The content of VEGF, COX-2 and PGE-2 in the blood serum of patients with non-small cell lung cancer with different schemes of conformal radiotherapy in the dynamics of treatment

Abstract

Background. Overcoming radioresistance is an important problem in radiation oncology. Therefore, the development of new approaches to modeling the radiosensitivity of tumors in cancer patients becomes relevant and important. Cyclooxygenase-2 (COX-2) inhibitors are new agents for radiomodification in various radiation therapy schemes, the use of which slows down angiogenesis by suppressing the activity of the COX-2 enzyme.
 Purpose. To determine the content of indicators of radioresistance: vascular endothelial growth factor (VEGF), COX-2, prostaglandin E-2 (PGE-2) in the blood serum of patients with non-small cell lung cancer (NSCLC) and changes in their levels with different schemes of radiation therapy (RT).

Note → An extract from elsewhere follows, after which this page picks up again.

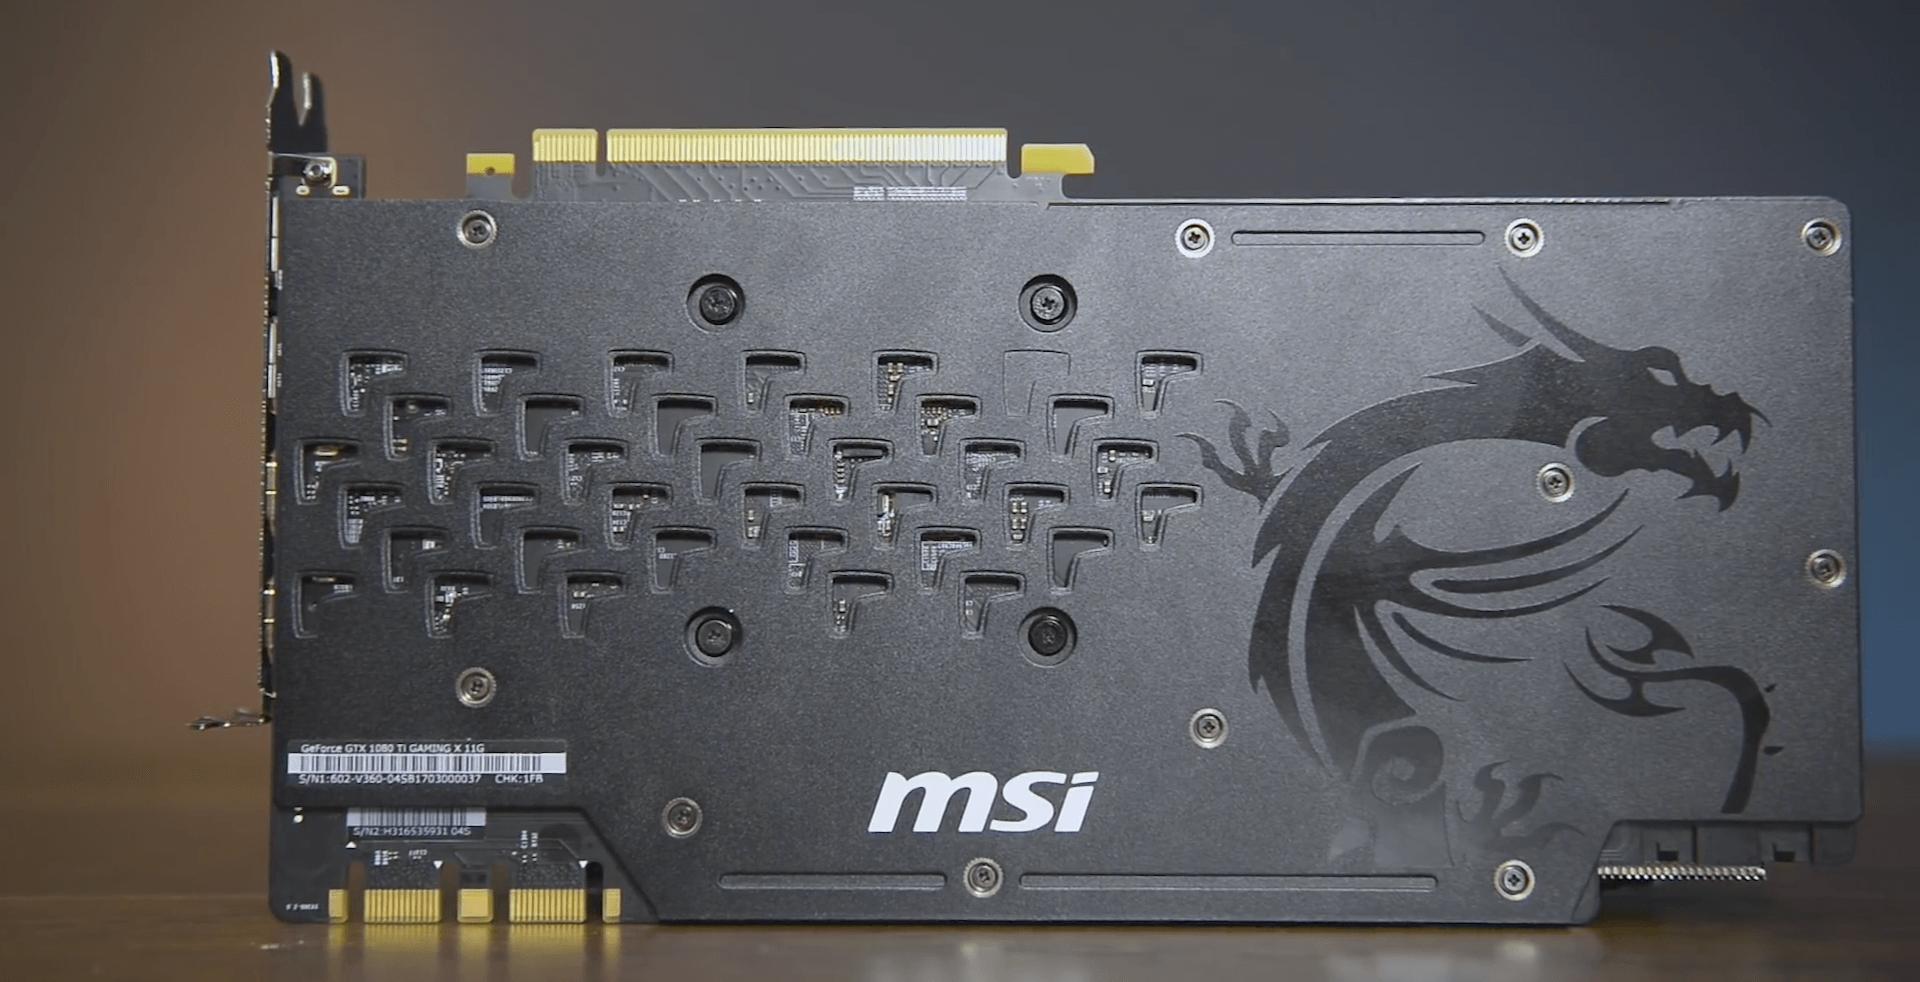 Особенности видеокарты msi gtx 1080 ti gaming x
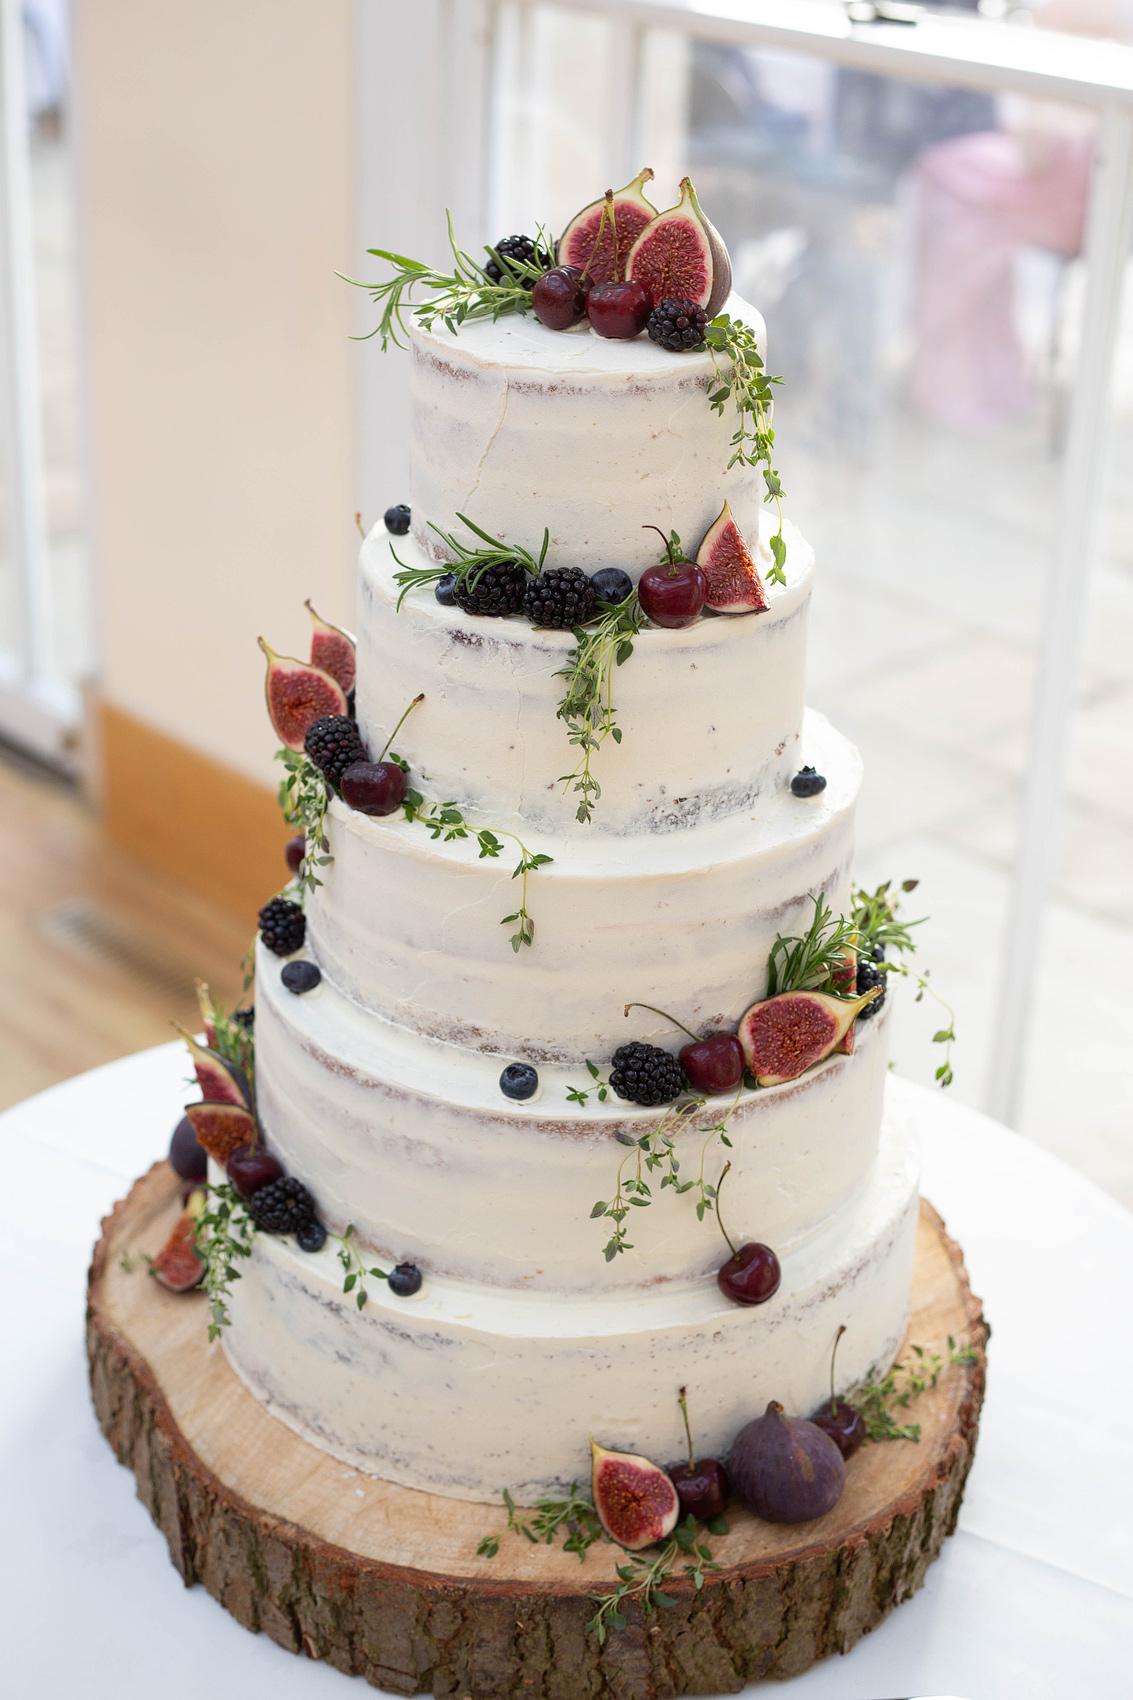 Claire_Basiuk_Richmond_Park,_London_Wedding_Photography_-18.jpg

 Materials and methods. 36 patients with NSCLC were examined and treated, who were divided into four groups: RT (the first group – 16 patients), RT with the COX-2 inhibitor – ranselex (the second group – 9 patients), RT with ranselex and cisplatin (the third group – 5 patients ) and RT with cisplatin (fourth group – 6 patients). The patients received a course of radiation treatment using a Clinac 600C linear accelerator. The classical fractionation mode was used, the total focal doses were 60–66 Gy. Cisplatin was prescribed at 30 mg/m2 per week up to a total dose (SD) of 200 mg, the COX-2 inhibitor Rancelex® at a dose of 100 mg per day (active substance – celecoxib). The levels of VEGF, COX-2, and PGE-2 in the blood serum of patients with NSCLC were determined by enzyme-linked immunosorbent assay (ELISA) before and after treatment.
 Results. The level of the angiogenesis marker VEGF after treatment in the group with RT decreases by 1.46 times, in the group with the combined action of RT and ranselex – 2.4 times, in the group with the combined action of PT, ranselex and cisplatin – by 3.7 times, and in the group with the combined effect of RT and cisplatin, it decreases by 1.1 times. The greatest decrease in the level of VEGF is observed with RT in combination with ranselex and cisplatin, which indicates a more effective enhancement of the antiangiogenic effect.
 Conclusions. It has been proven that with various schemes of RT using the COX-2 inhibitor – ranselex and cisplatin in patients with NSCLC, there is a decrease in the radioresistance markers PGE-2 and COX-2, the angiogenesis marker – VEGF, which indicates that the effect of radiomodification on the angiogenesis process is most pronounced in the combined actions of RT and both radio modifiers. The use of COX-2 inhibitors as radiosensitizers in combination with RT provides a new opportunity to increase tumor radiosensitivity.